Чжао Минчэн

Поделись знанием:
Перейти к: навигация, поиск

Чжао Минчэн (赵明诚, Zhao Mingcheng, 10811129) — средневековый китайский историк, исследователь надписей на бронзовых сосудах, автор труда «Цзинь ши лу» («Записки о надписях на бронзе и камне»). Муж знаменитой поэтессы Ли Цинчжао, которая в послесловии к изданию этого труда описала их счастливую семейную жизнь.

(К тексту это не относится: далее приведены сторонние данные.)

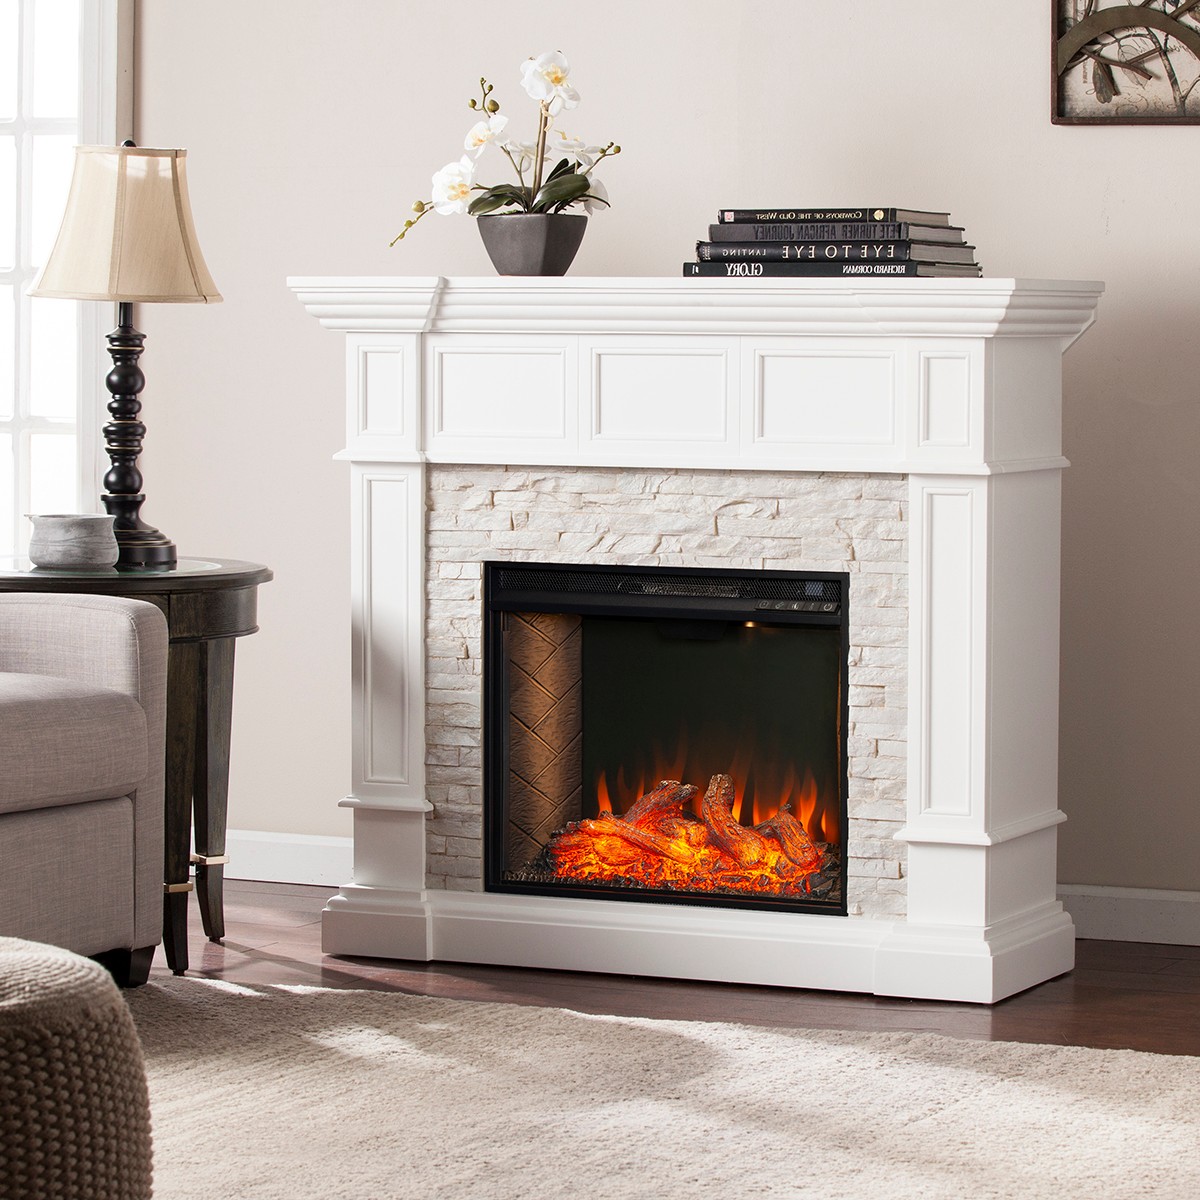 Pleasant Hearth Gas Fireplace Elegant southern Enterprises Merrimack Simulated Stone Convertible Electric Fireplace

Она вспоминала, что когда они поженились (1101), Чжао был бедным студентом, который тратил все деньги на собирание книг, картин и надписей, а также был известен как художник-гравёр[1]. Чжао сделал успешную чиновничью карьеру, что позволило ему расширить свою библиотеку и собрать уникальную коллекцию.

Ли Цинчжао писала:
Большую часть своего жалования он тратил на покупку книг. Когда он покупал очередное сочинение, мы вместе читали и выверяли его, потом расставляли тома по порядку и наклеивали на них ярлыки с названиями. Если же мой муж приобретал старинный живописный свиток или древний бронзовый сосуд, мы до самой поздней ночи… вместе рассматривали их, поглаживали пальцами бронзу, оповещая друг друга о крошечных изъянах.[2]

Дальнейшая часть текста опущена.